Peningkatan inflasi didorong oleh membaiknya pendapatan masyarakat seiring dengan kian pulihnya perekonomian, berlanjutnya konflik geopolitik, kebijakan zero covid di Tiongkok, kenaikan harga energi dan pangan global, kebijakan proteksionisme pangan beberapa negara, serta faktor gangguan cuaca.
Oleh karena itu, Tim Pengendalian Inflasi Daerah (TPID) perlu melaksanakan kebijakan yang tepat untuk mengantisipasi tekanan inflasi khususnya pada kelompok bahan makanan, melalui upaya keterjangkauan harga, ketersediaan pasokan, peningkatan produksi bahan makanan, dan kelancaran distribusi.

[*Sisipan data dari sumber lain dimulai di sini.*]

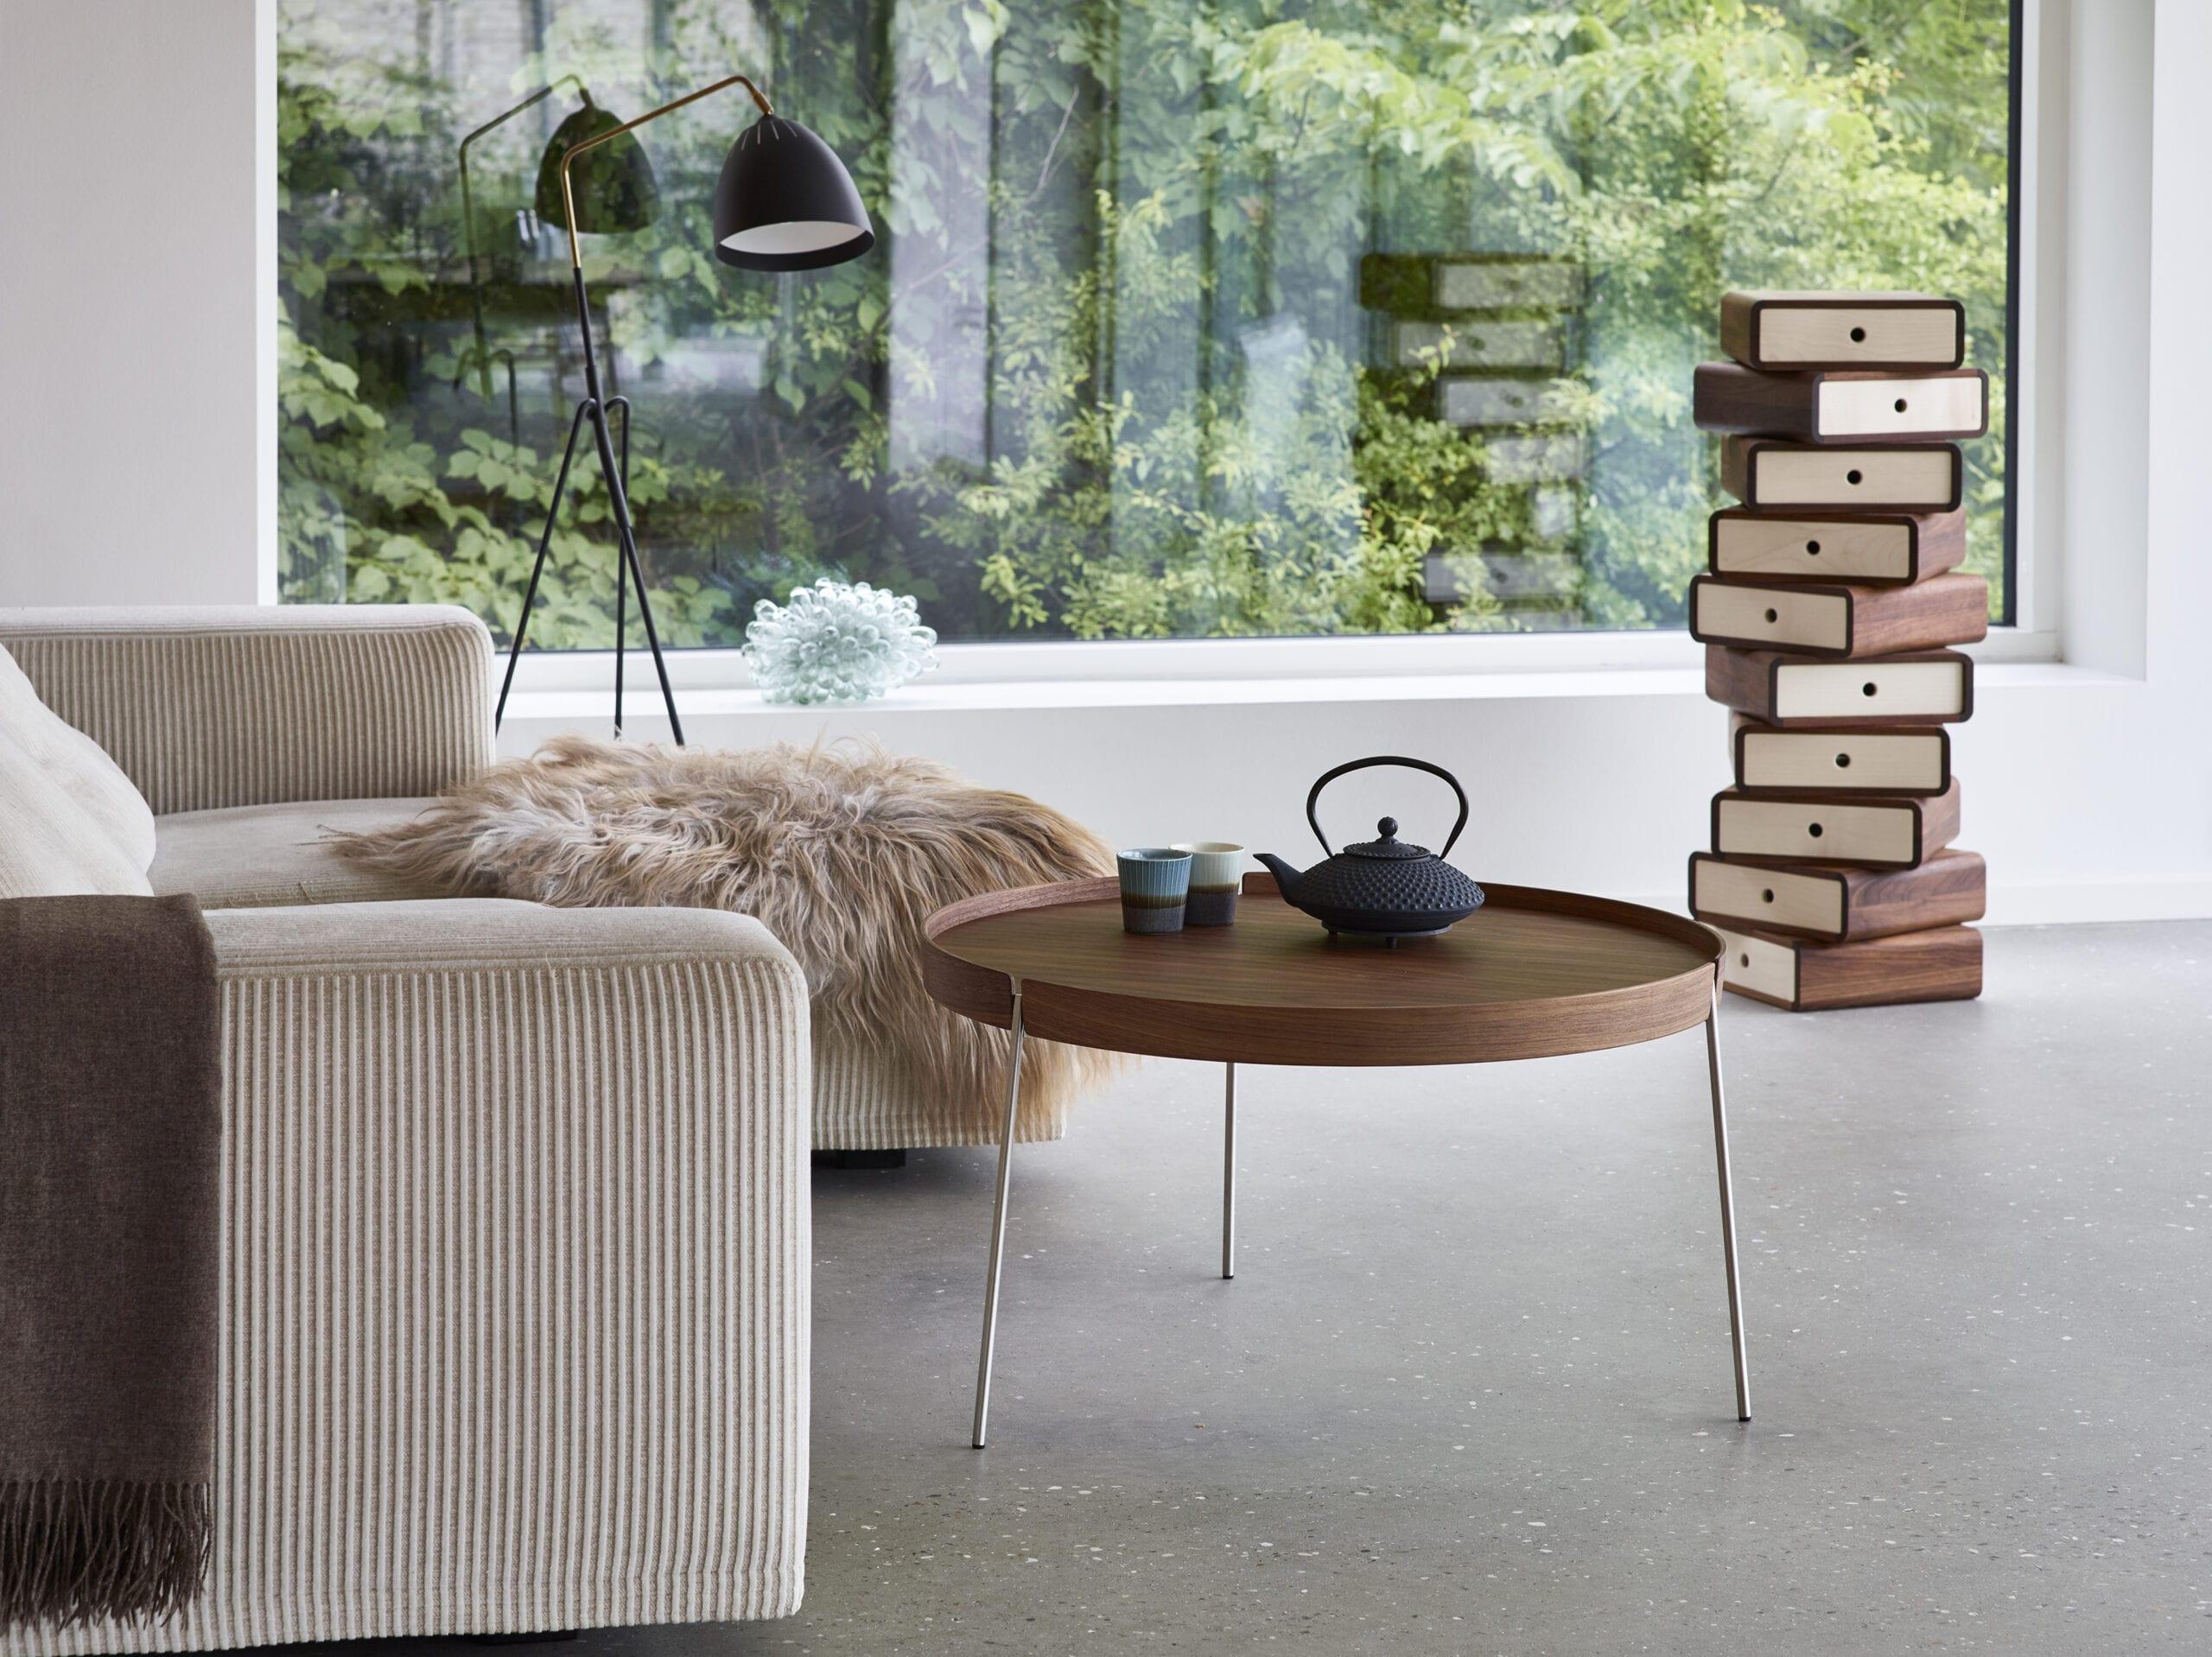 Turn Sofabord Nissen Gehl Aksel Kjersgaard Naver Collection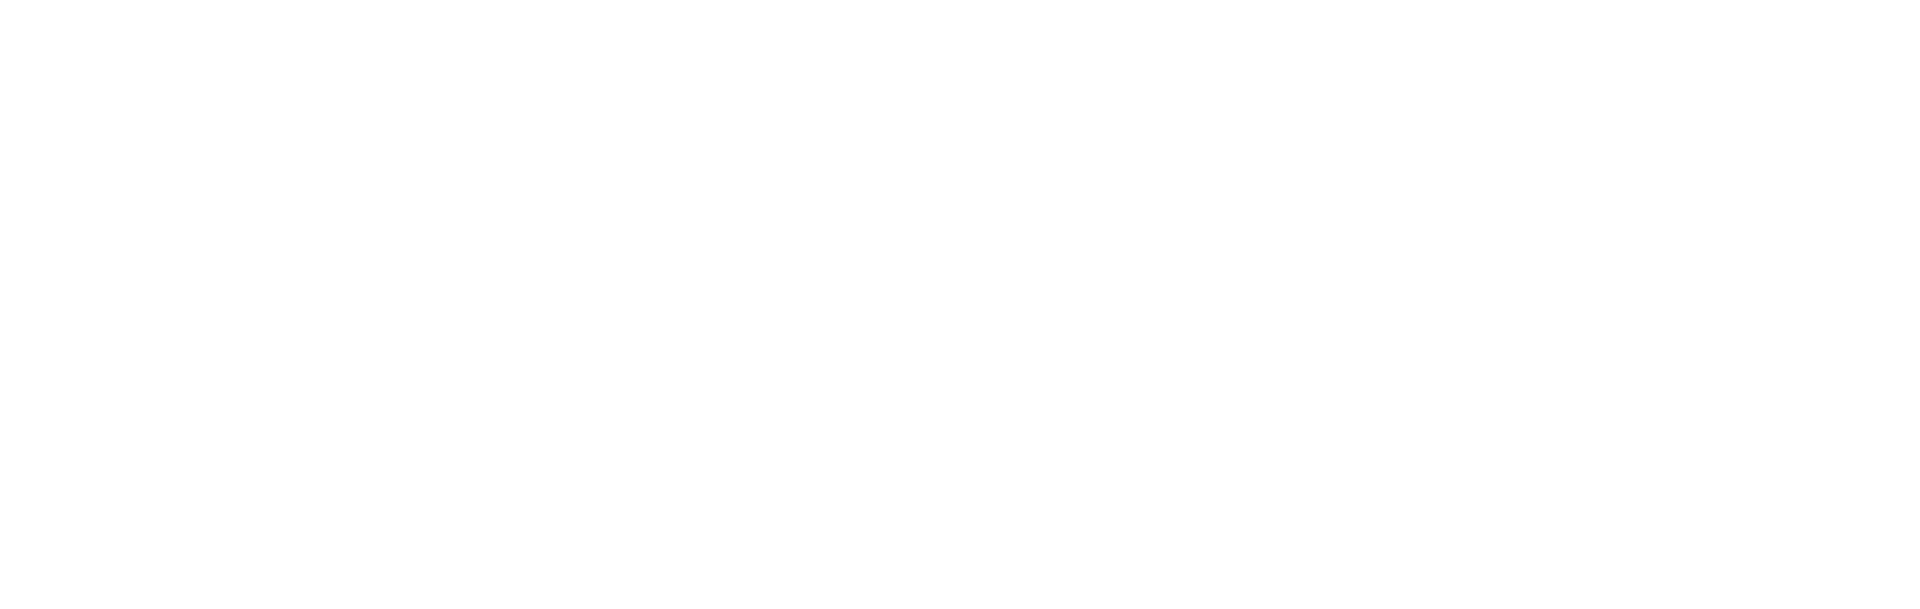 FFWD Rail

“Bank Indonesia bersama TPID terus menghimbau masyarakat untuk melakukan belanja secara bijak sesuai dengan kebutuhan,” ujarnya.
Ibrahim menambahkan, untuk menjaga inflasi, TPID menyusun formulasi kebijakan yang tepat dalam upaya mengendalikan inflasi dan memacu laju pertumbuhan ekonomi Sumatera Utara.
“Kami juga fokus di delapan program pengendalian inflasi dan akselerasi ekonomi Sumut yakni yang pertama meningkatkan produktivitas hortikultura dan perkebunan dgn pembelian bibit dan sarana produksi. Kedua meningkatkan produksi peternakan dengan penambahan luas peternakan,” ungkapnya.
Ketiga, meningkatkan saprodi pertanian dgn pengembangan produksi pupuk organik & prasarana pertanian. Keempat, meningkatkan IKM melalui fasilitasi sarana dan prasarana produksi serta bantuan pemasaran atau optimalisasi penggunaan produk di instansi pemerintah
“Kelima meningkatkan ekonomi digital dengan fasilitasi kurasi UMKM masuk ke e-commerce dan peningkatan e-catalog lokal untuk optimalisasi. Keenam meningkatkan pembiayaan UMKM melalui peningkatan akses KUR, akses asuransi, serta pendirian PT Jamkrida Sumut,” ujarnya.
Ketujuh, meningkatkan industri pariwisata melalui promosi wisata Sumatera Utara. Dan kedelapan meningkatkan ekspor melalui pelatihan UMKM/IKM untuk Go Ekspor.
“Namun kita juga punya empat tantangan di tahun 2022 hingga 2023 yakni yang pertama perekonomian masih dipenuhi ketidakpastian dan ketidakstabilan kenaikan harga BBM, pangan dan kelangkaan pupuk sehingga perlu dipersiapkan kemandirian dan ketahanan pangan,” ujarnya.
Kedua terjadinya disrupsi ekonomi dari ekonomi konvensional ke ekonomi digital yang mengubah cara masyarakat berproduksi dan mengkonsumsi membuat banyak usaha harus melakukan adaptasi kepada ekonomi digital.
“Ketiga perekonomian Sumatera Utara masih di dominasi sektor pertanian yakni 22 persen, sementara provinsi lain sudah di dominasi sektor industri pengolahan, sehingga perlu dilakukan hilirisasi untuk meningkatkan nilai tambah ekonomi dengan basis industri pengolahan,” katanya.
Keempat, pelaku ekonomi masih didominasi UMKM yang jumlahnya sekitar 98% namun SDM dan produktivitas sangat rendah, sehingga perlu mendorong peningkatan produktivitas dan pemberdayaan petani/UKM naik kelas/korporatisasi.